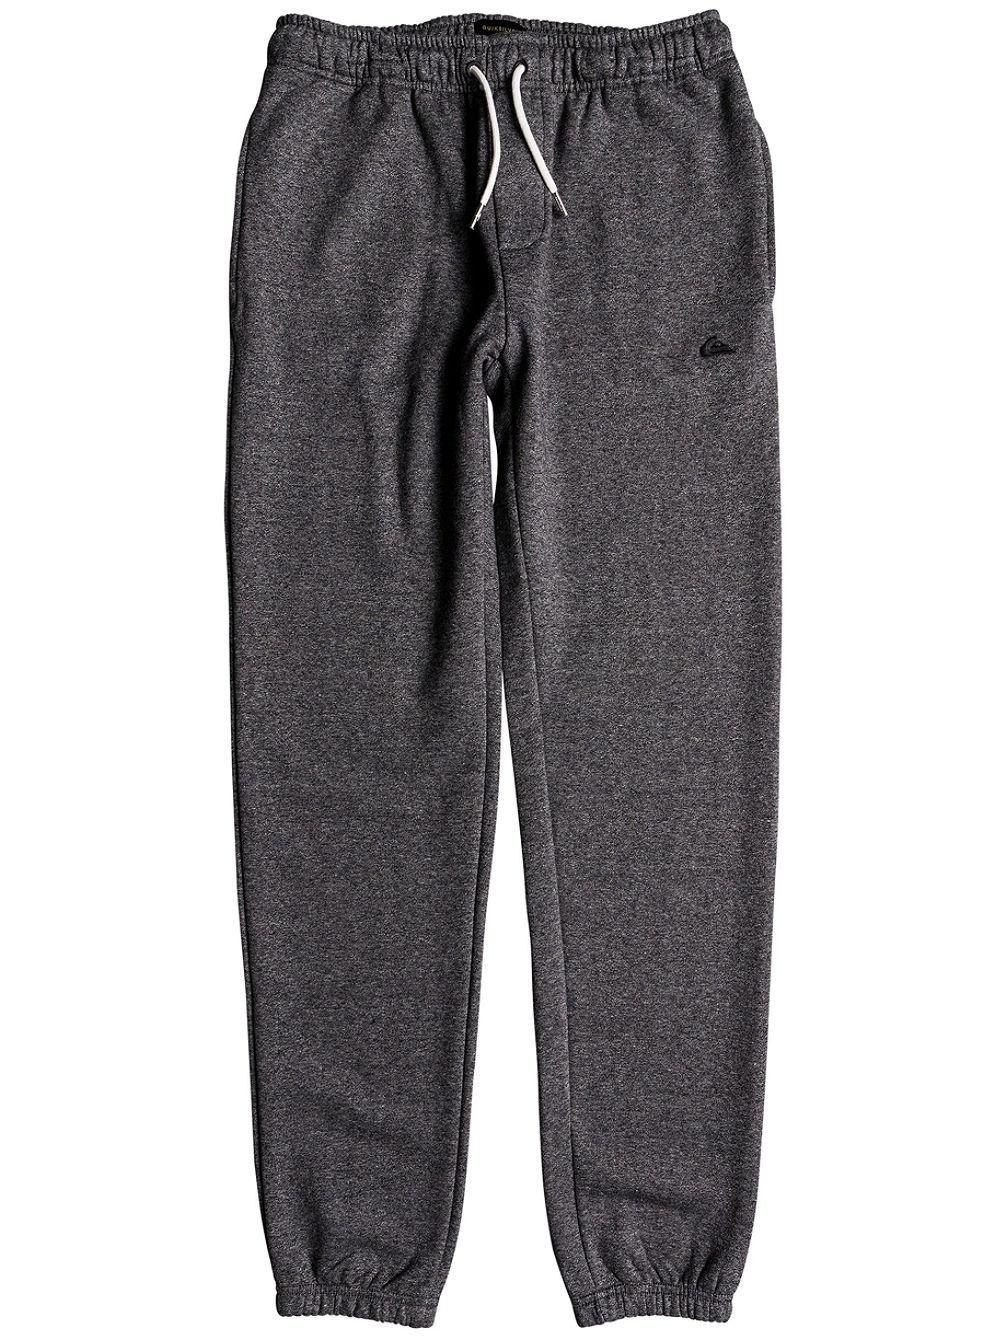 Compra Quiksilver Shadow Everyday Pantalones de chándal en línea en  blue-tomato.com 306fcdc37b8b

--

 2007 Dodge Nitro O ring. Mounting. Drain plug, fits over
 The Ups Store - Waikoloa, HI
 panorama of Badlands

--

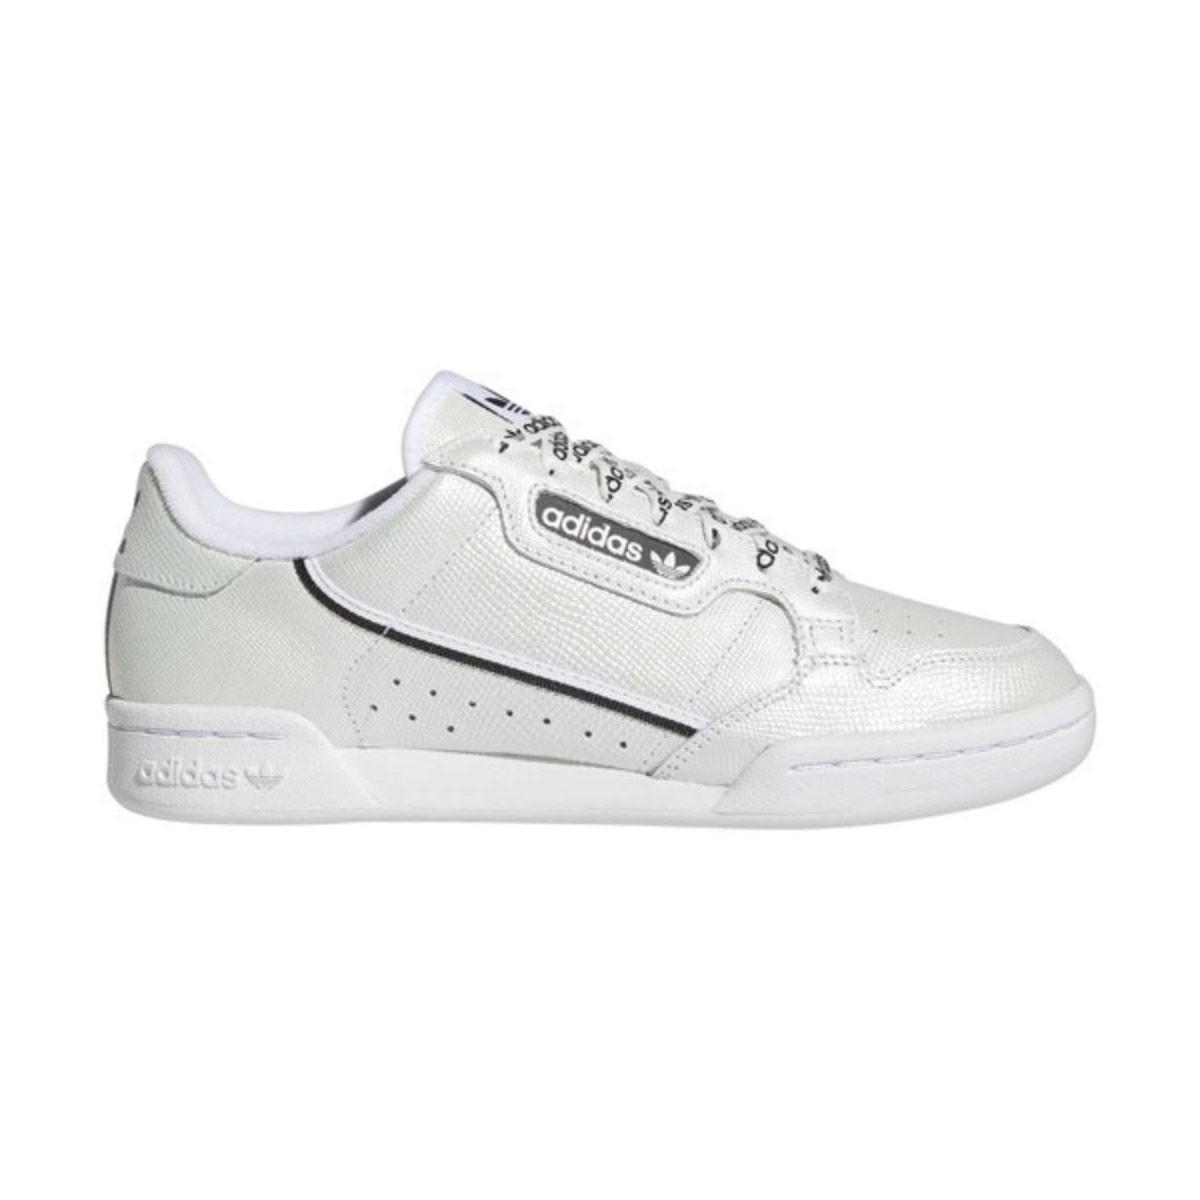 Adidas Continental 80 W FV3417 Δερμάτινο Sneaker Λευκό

* [Problem statement]
Where the listing above has a line with "2007 Dodge Nitro", start there, and output every line exactly through the line with "panorama of Badlands", which is also included.

* [Response]
 2007 Dodge Nitro O ring. Mounting. Drain plug, fits over
 The Ups Store - Waikoloa, HI
 panorama of Badlands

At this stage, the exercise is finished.